学术   2024-12-17 08:31   江苏  


凡是搞计量经济的,都关注这个号了
箱:econometrics666@126.com
所有计量经济圈方法论丛的code程序, 宏微观数据库和各种软件都放在社群里.欢迎到计量经济圈社群交流访问.

下面这种图表非常直观,有时候一张图的效果胜过千言万语,甚至比几张表格还要有效。例如,在完成基准回归分析之后,进行稳健性检验、异质性分析、安慰剂检验等进一步分析时,完全可以将这些回归结果汇总在一张图表中。

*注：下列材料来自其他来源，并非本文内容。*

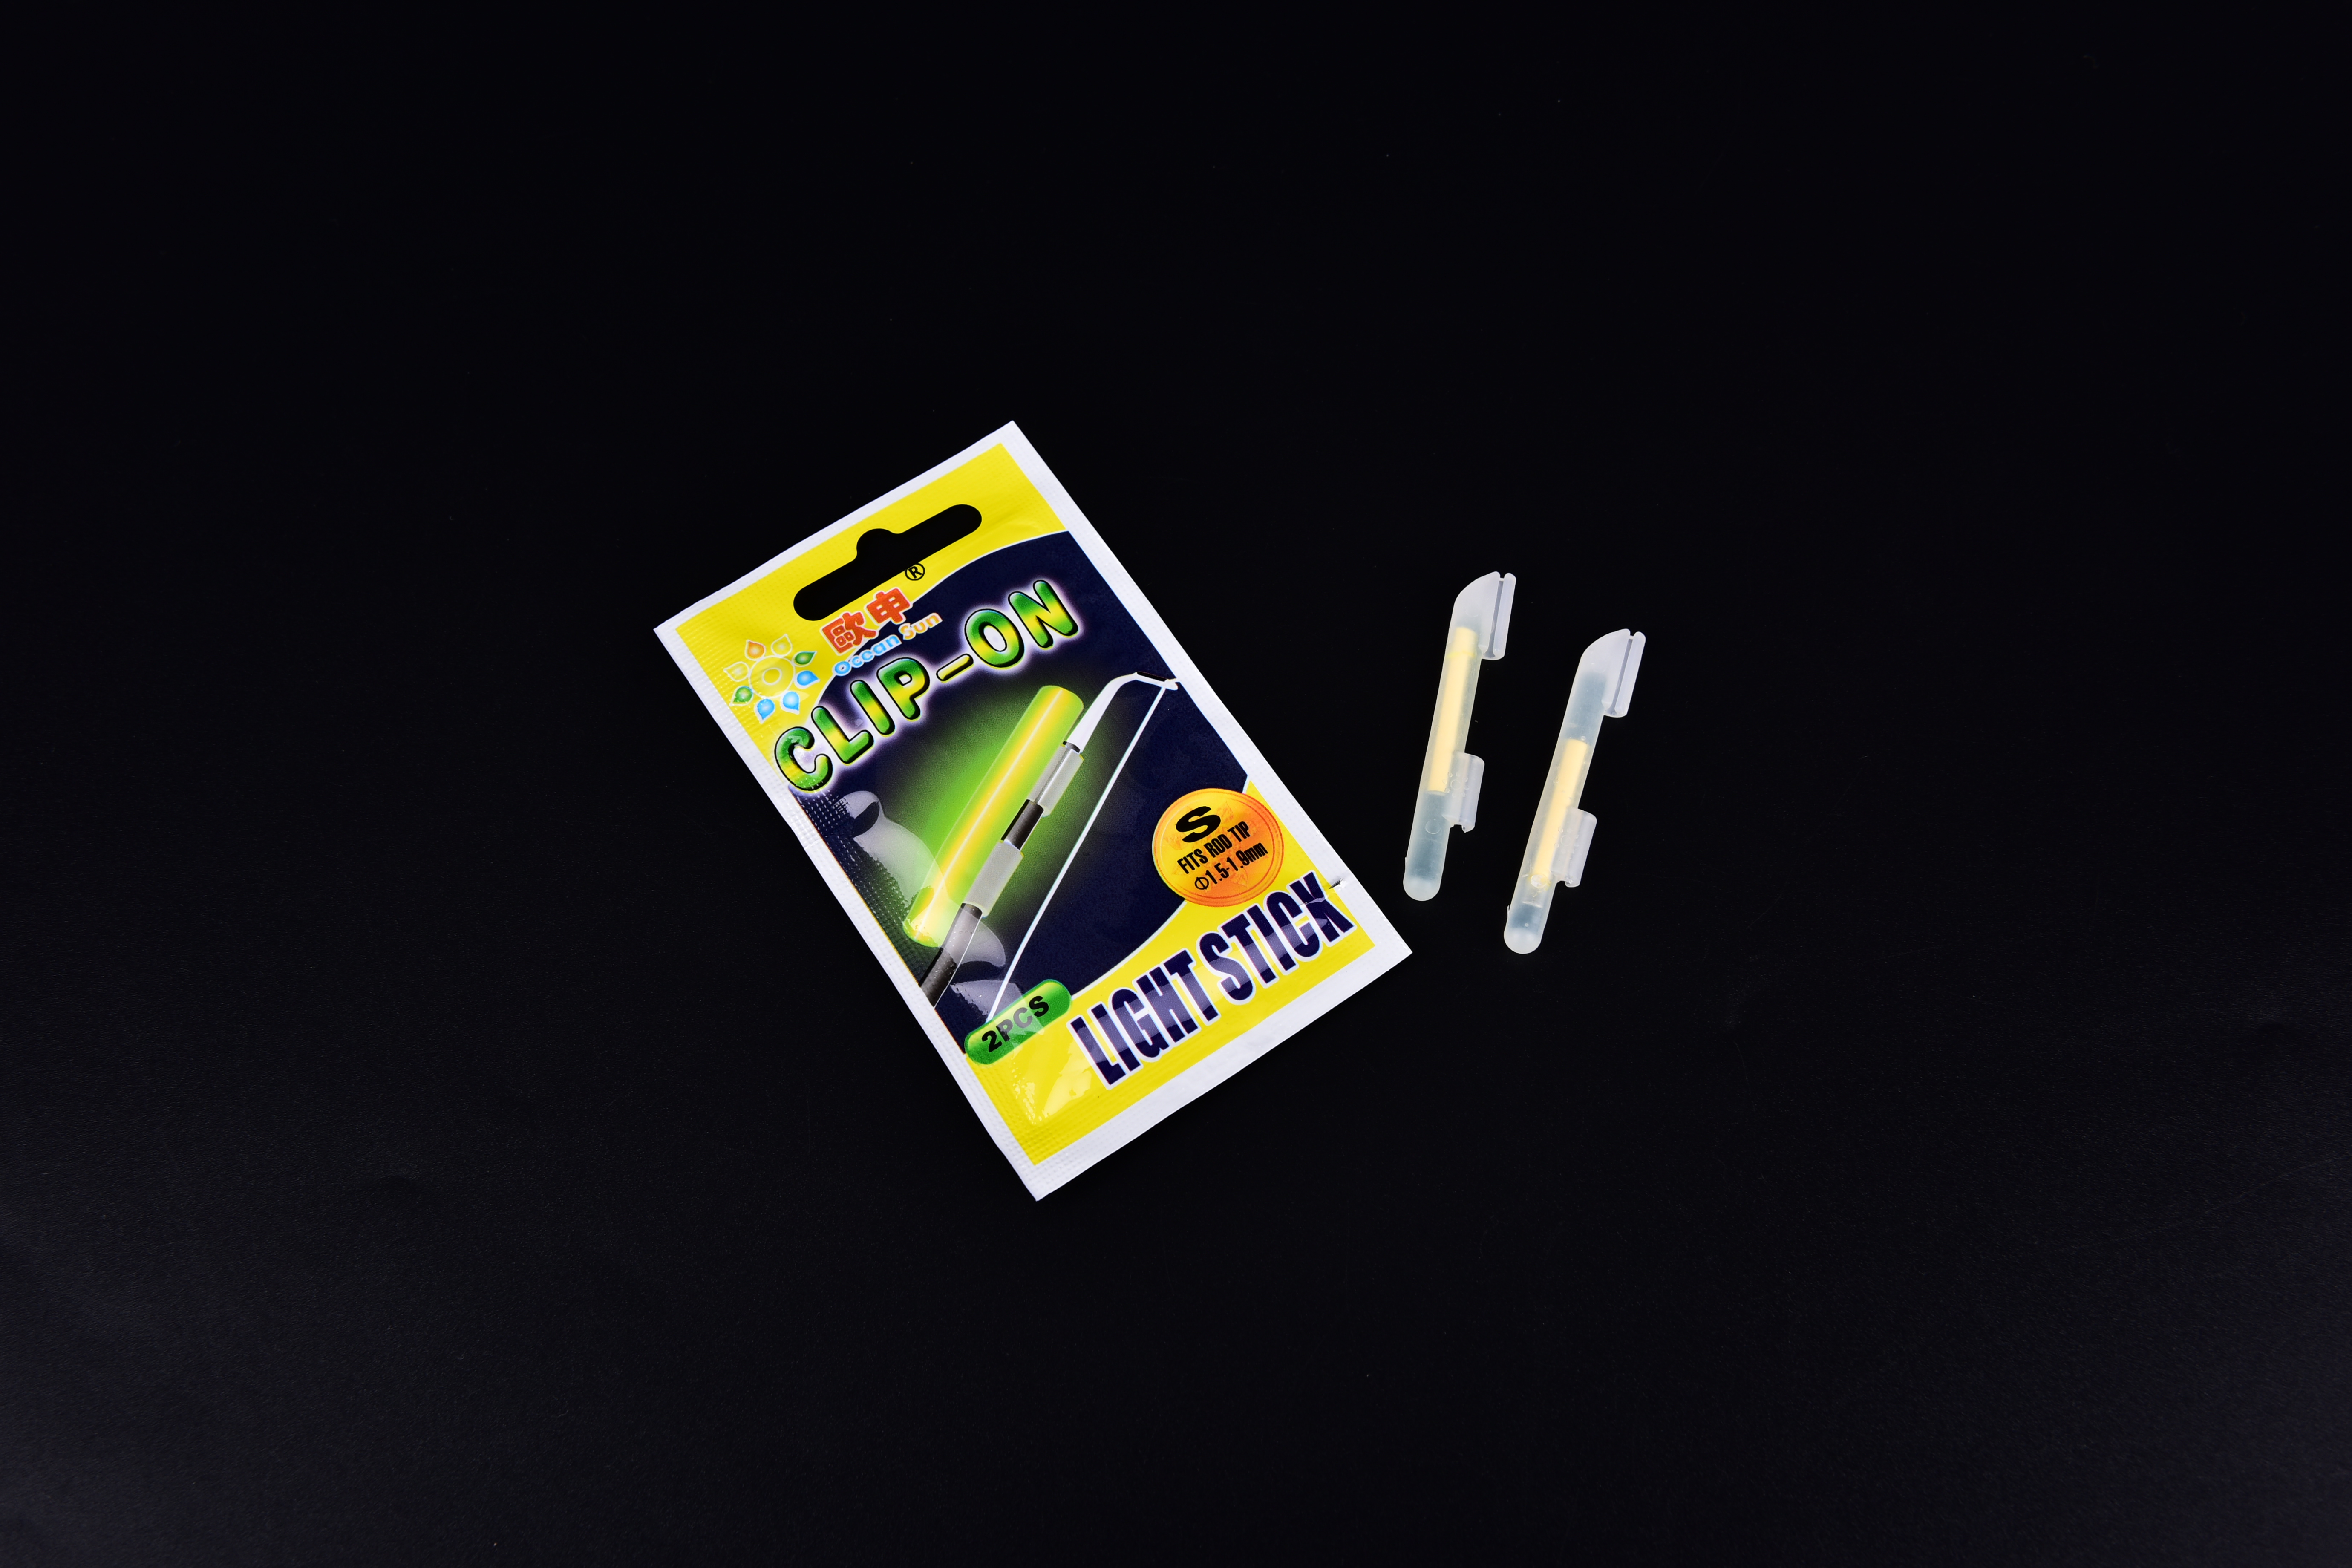 20Pcs SSSML Fishing Light Night Float Rod Dark Glow Fluorescent Stick Luminous Squid Fish Lure Set 4.5*0.5 cm
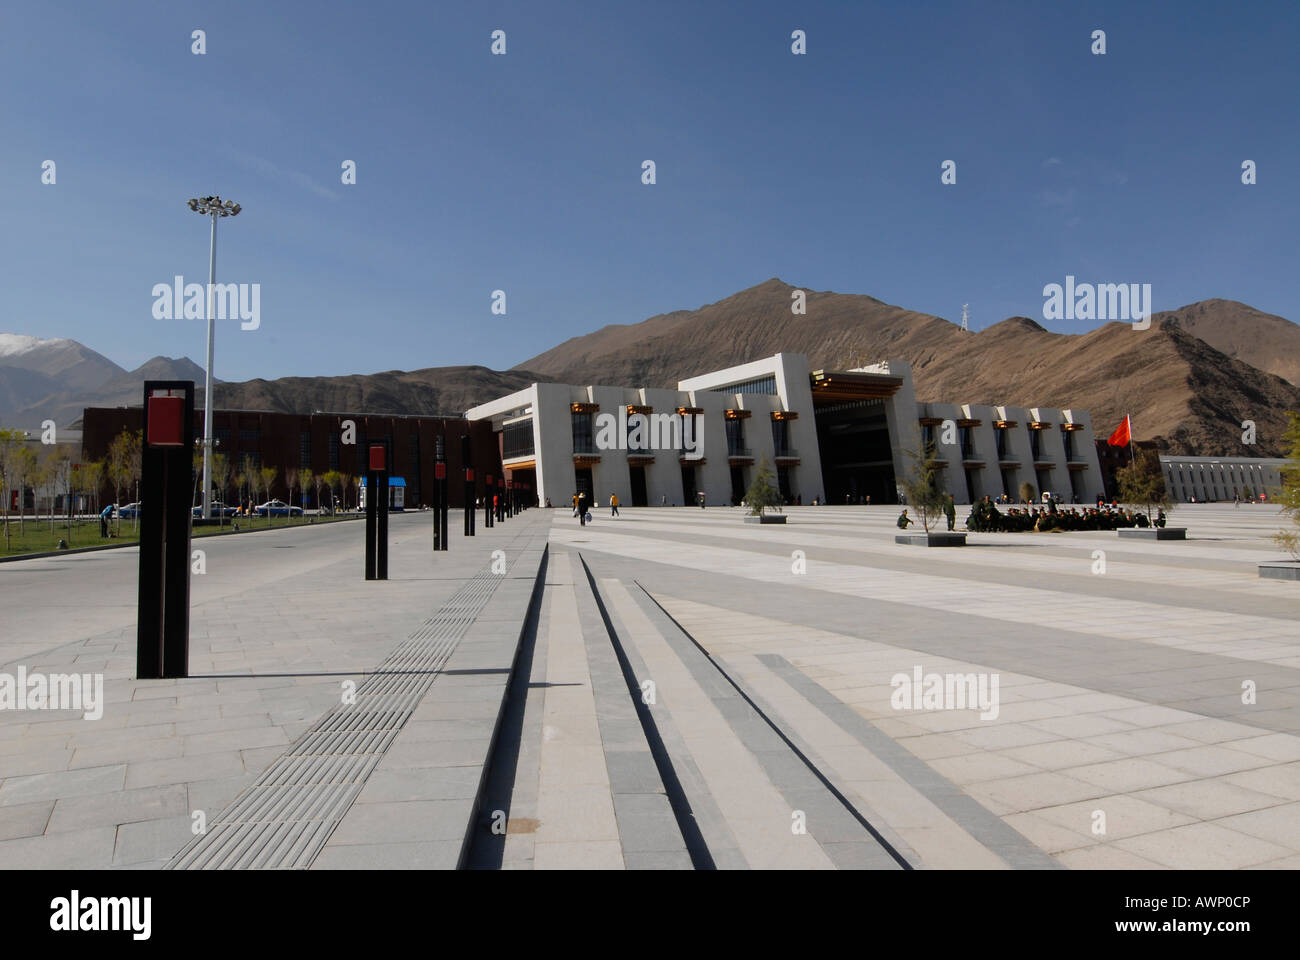 New Qinghai–Tibet railway station in the Tibetan capital of Lhasa, Tibet, China, Asia - Stock Image

这样做不仅便于与基准回归结果进行比较,还能清晰地展示它们之间的差异和相似之处。

下面给出了(Furman, Jeffrey L., Markus Nagler, and Martin Watzinger. 2021. "Disclosure and Subsequent Innovation: Evidence from the Patent Depository Library Program." American Economic Journal: Economic Policy, 13 (4): 239–70)里的数据和代码,经过一些简单的调试,就可以直接运行出与原文一样的结果图。

除此之外,也可以参看:以图形方式呈现异质性分析结果, 留下一个较直观的印象!

*群友可前往社群下载完整数据和代码.

**计量经济圈已调试,可以直接运行出结果,当然中间需要下载一些命令,比如gtools。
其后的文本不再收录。